Proper management of CKD can help patients delay or prevent kidney failure and mitigate risk of developing cardiovascular disease. Disease self-management is recognized as a intervention for improving the health of patients with chronic conditions, allowing for patients and providers to work more collaboratively in disease management. Self-management of everyday life involves patients achieving and maintaining as much or a “normal” life as possible and functioning within the parameters set by living with chronic conditions.
The investigators said that the COVID-19 pandemic has increased the need for self-management support need to be easily accessible to patients, not require patients to spend extensive time away from home, potentially through the use of a smartphone. Current information technology tools include mobile apps, web-based portals, and web-based educational or coaching initiatives. However, creators of these tool did not include the voices of patients with CKD during the development process, leading to the tools garnering low ratings for clinical utility and usability because they did not address patient safety concerns.
A co-design approach was utilized to create the focus group and the application. The focus group comprised of 4 patients with stage 3 or 4 nondialysis-dependent CKD, a kidney transplant recipient, a caretaker, 2 primary care physicians, 3 pharmacists, a nephrologist, a cardiologist, a registered nurse from a nephrology clinic, a researcher in biomedical informatics, 2 health services and CKD researchers, a systems developer, and 2 programmers. The providers were recruited from the Loyola University Medical Center (LUMC) and the patients were recruited from the LUMC nephrology clinic in Maywood, Illinois.
The 2 focus group sessions took place in-person and online, featuring semi structured interviews. After the app was developed, the stakeholders were given access to test and was modified based on their reactions.
Some of the challenges expressed by the group that should be addressed in self-management apps included maintaining a healthy diet, lack of health literacy, feeling overwhelmed with provider-shared information, lack of knowledge of CKD and how food impacts it, CKD stigma, and feelings of stress and low motivation.

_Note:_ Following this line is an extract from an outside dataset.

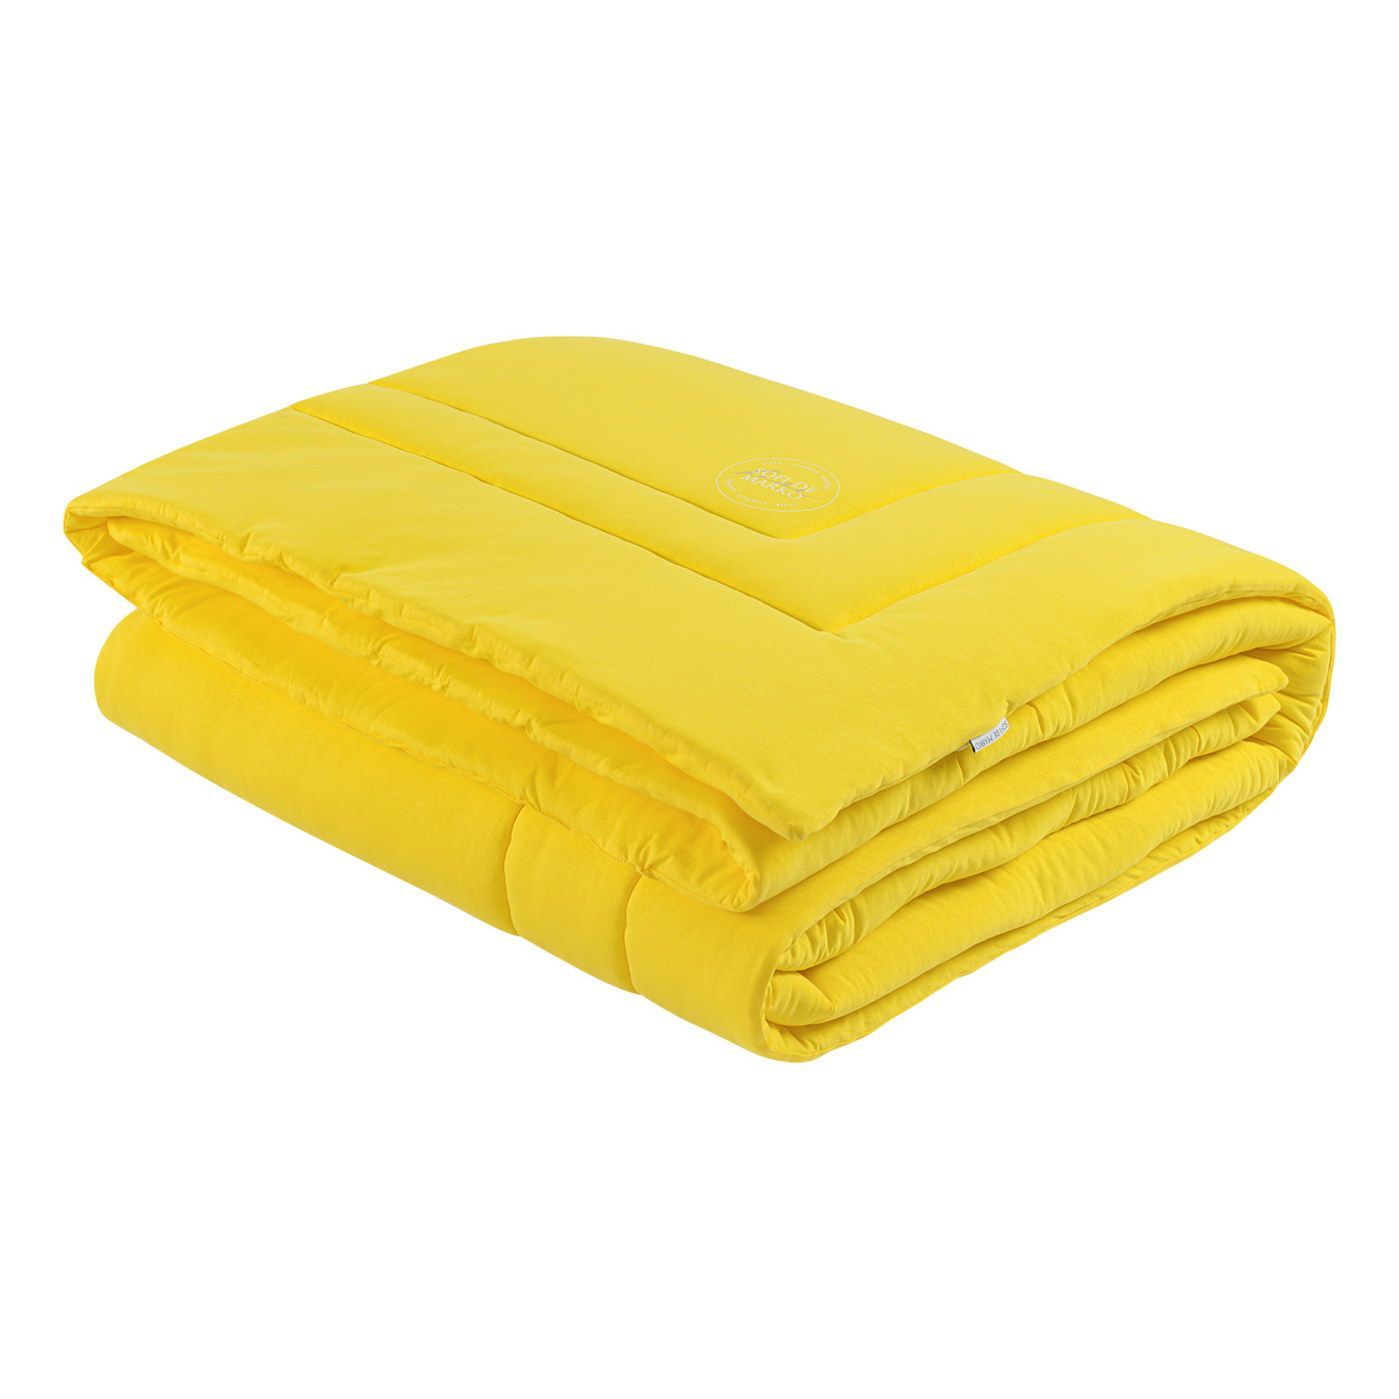 Одеяло-покрывало Роланд цвет: желтый (220х235 см), размер 220х235 см sofi973222 Одеяло-покрывало Роланд цвет: желтый (220х235 см) - фото 1

The group expressed that they’d like to see an app that had easily understandable language, easy navigation that doesn’t require asking a younger person to help, allowance for easy communication and data sharing with providers, and allowance for providers and patients to share CKD management strategies.
The application that was developed using the responses from the group included:
Unanimously, the focus group participants agreed that a CKD mobile app could be helpful for disease self-management.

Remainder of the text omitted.